CVE-2023-48235: 
NixOS vulnerability analysis and mitigation

CVE-2023-48235 is a security vulnerability discovered in Vim, an open source command line text editor, disclosed on November 16, 2023. The vulnerability occurs when parsing relative ex addresses, where an overflow can unintentionally occur in the existing overflow check due to negative line numbers causing an overflow when subtracted from LONG_MAX. The issue affects Vim versions prior to 9.0.2110 (Vim Advisory, OSS Security).

The vulnerability is classified as an Integer Overflow or Wraparound (CWE-190) with a CVSS v3.1 base score of 4.3 (MEDIUM) according to NIST, and 2.8 (LOW) according to GitHub. The issue occurs specifically in the ex address parsing functionality where the line number becomes negative, causing an arithmetic overflow when performing the calculation LONG_MAX - lnum. The vulnerability requires user interaction and has been assigned the vector string CVSS:3.1/AV:N/AC:L/PR:N/UI:R/S:U/C:N/I:N/A:L (NVD, Vim Advisory).
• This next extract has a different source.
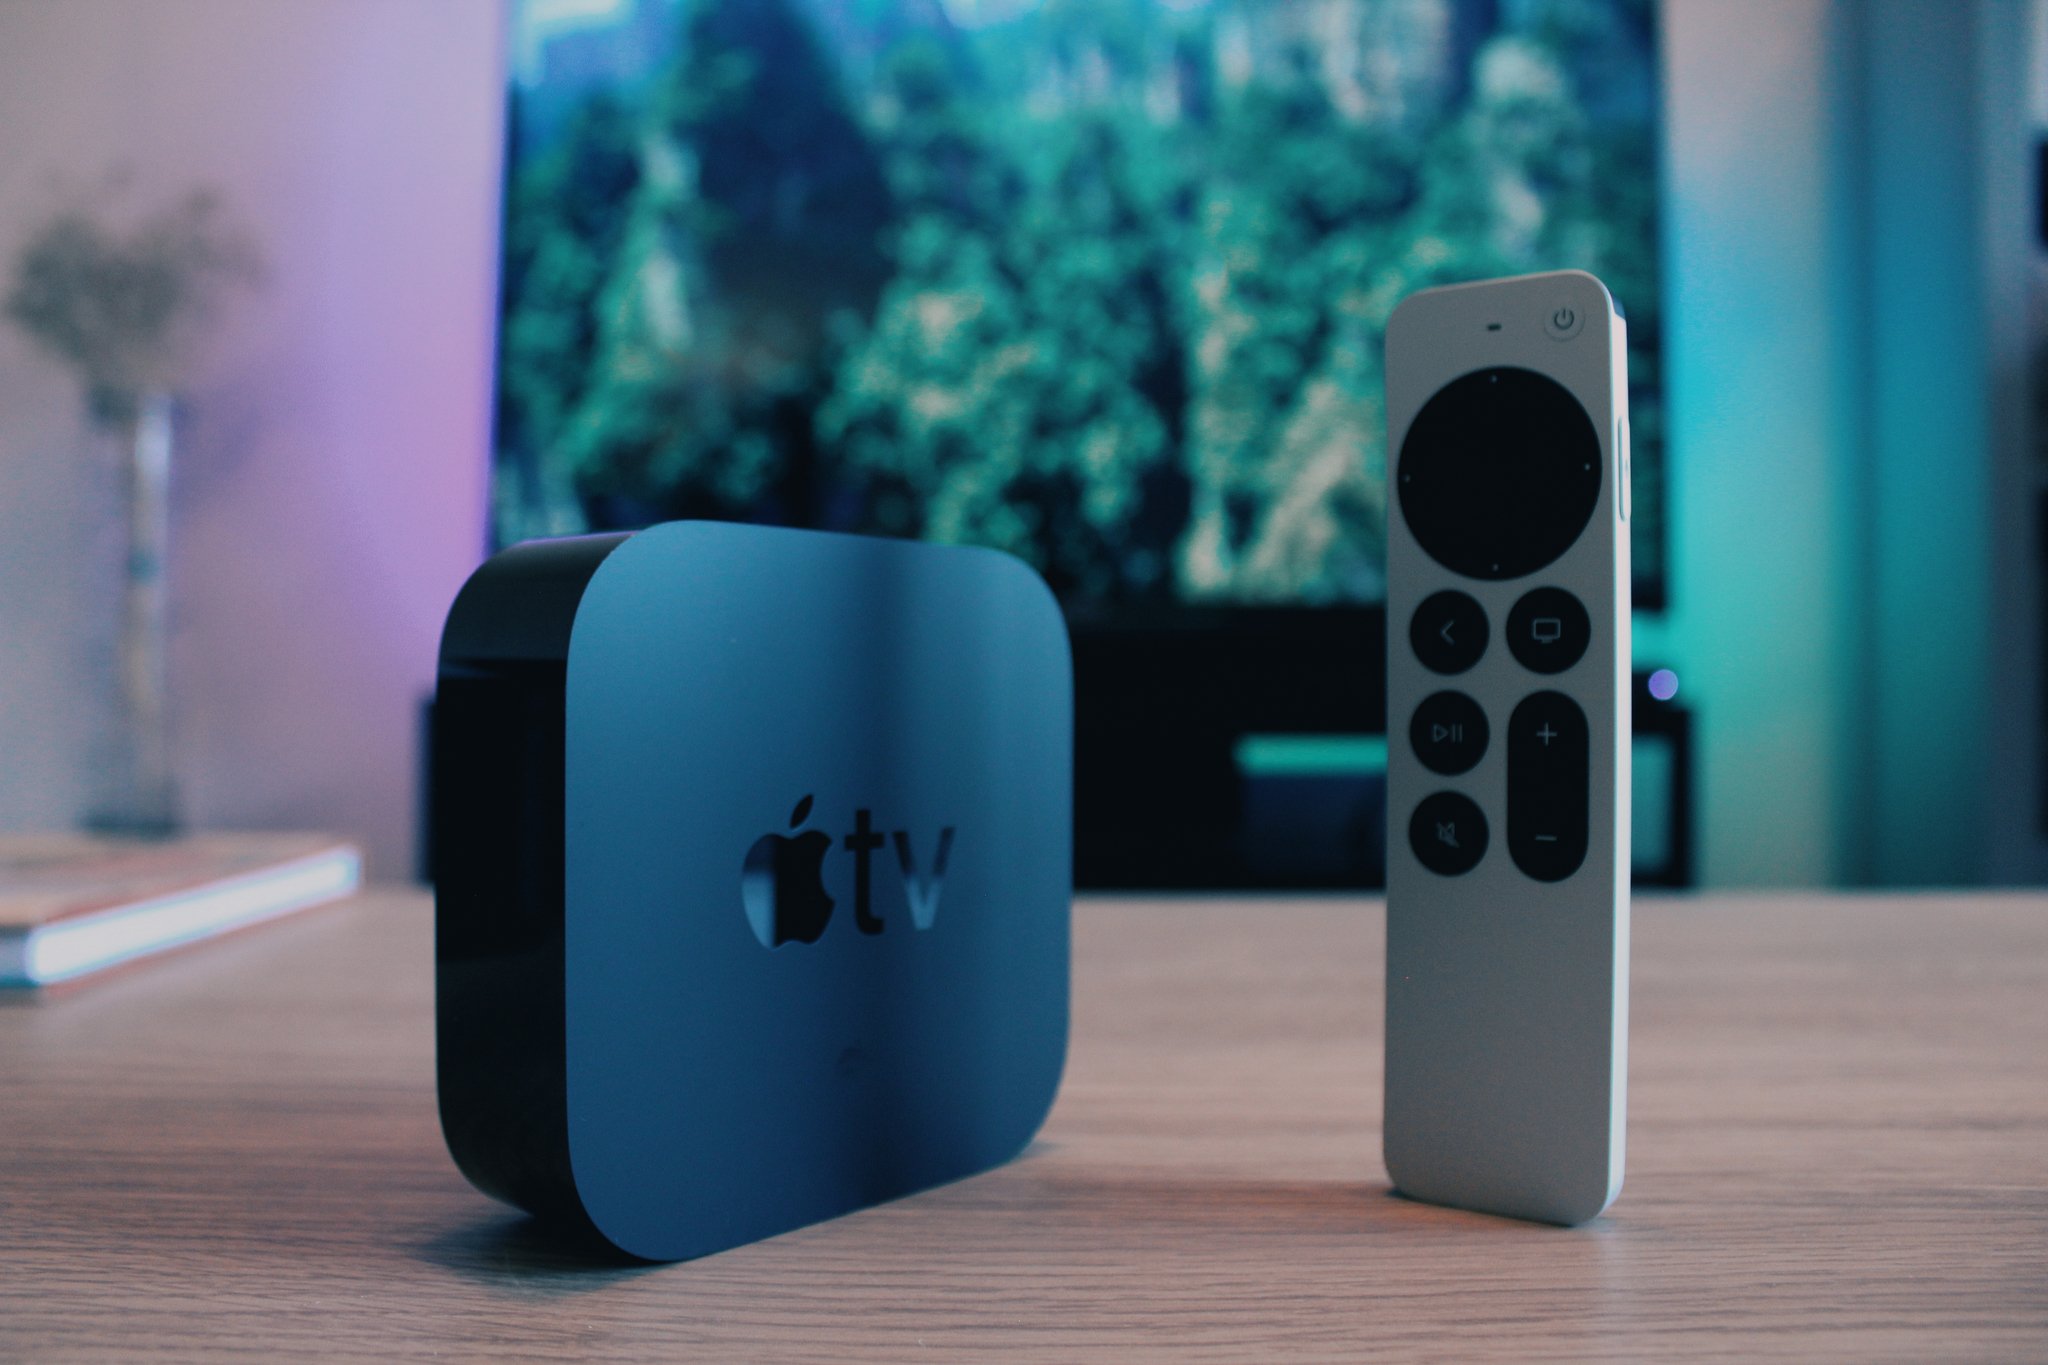 Here's everything you need to know to update your Apple TV

The impact of this vulnerability is considered low, as it requires user interaction to exploit and may not consistently result in a crash. If successfully exploited, the vulnerability could lead to a denial of service condition (Vim Advisory, NetApp Advisory).
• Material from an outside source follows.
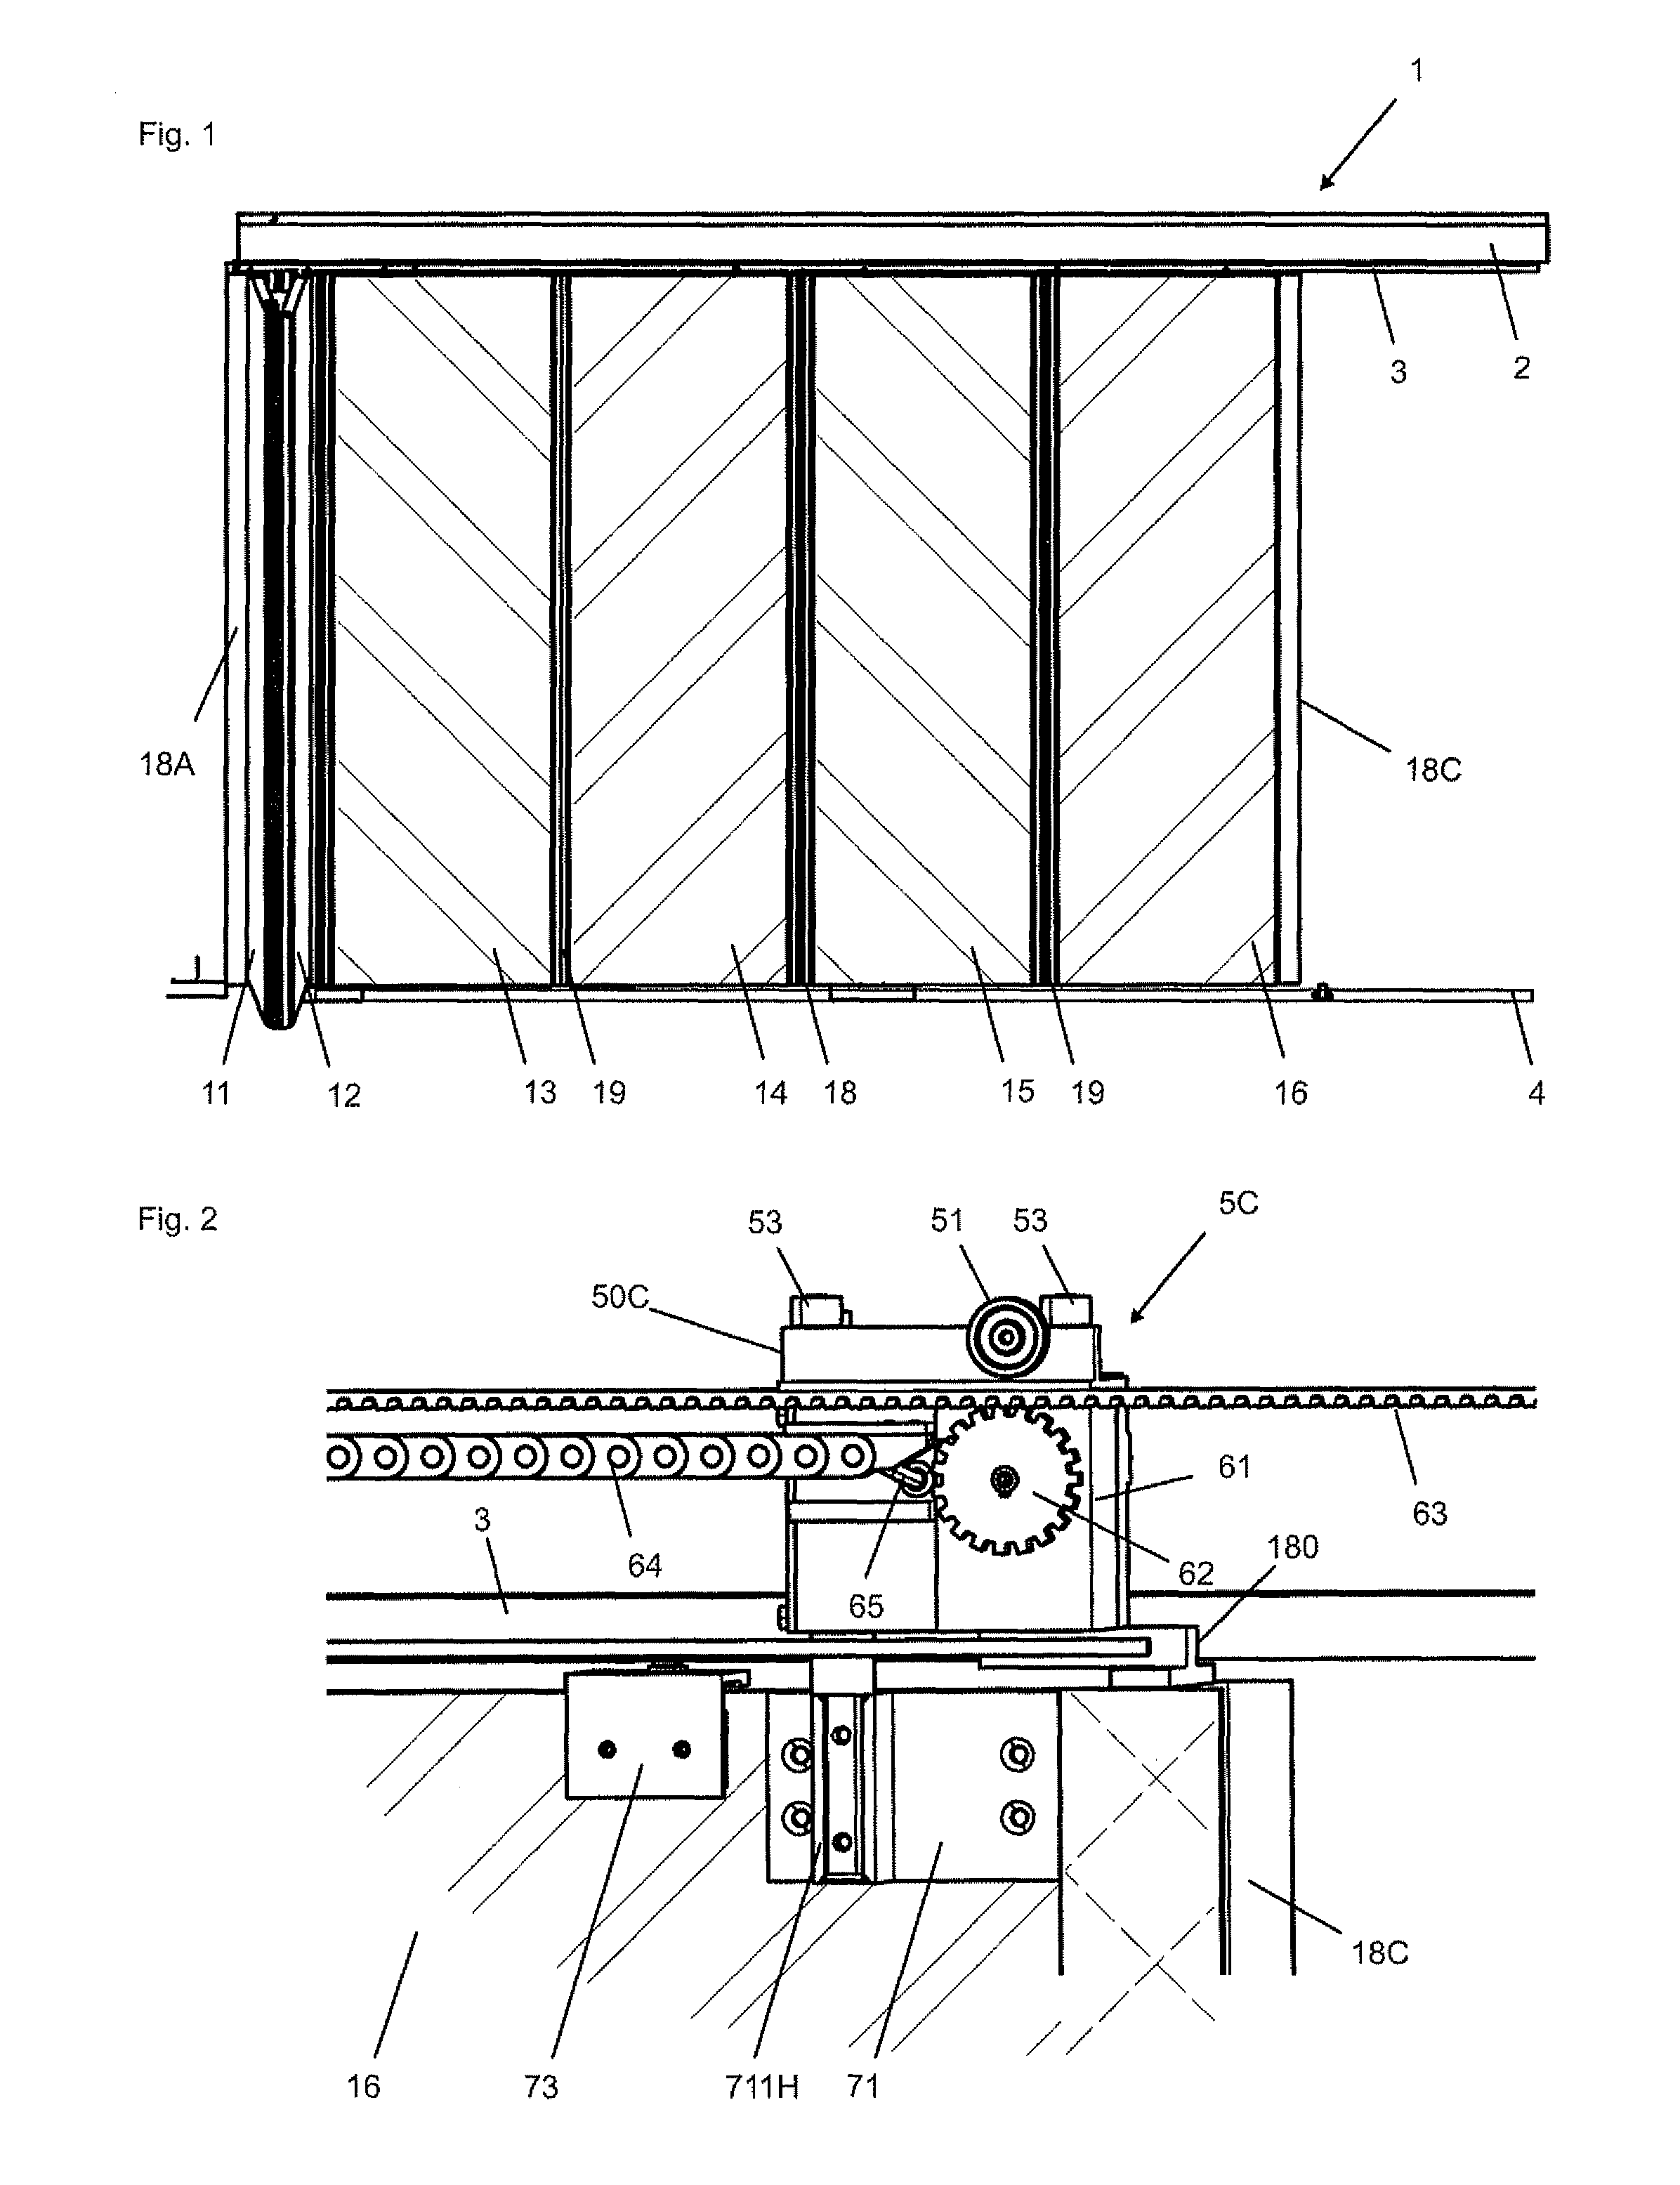 Foldable sliding wall and carriage

The vulnerability has been fixed in Vim version 9.0.2110. The fix involves verifying that the line number (lnum) is positive before performing the overflow check. Users are advised to upgrade to version 9.0.2110 or later. The patch was implemented in commit 060623e (Vim Patch, Vim Advisory).

The vulnerability was responsibly disclosed and quickly patched. Multiple Linux distributions, including Fedora and Ubuntu, have released security updates to address this vulnerability along with other related Vim security issues. NetApp has also acknowledged the vulnerability and is investigating its impact on their products (Fedora Update, NetApp Advisory).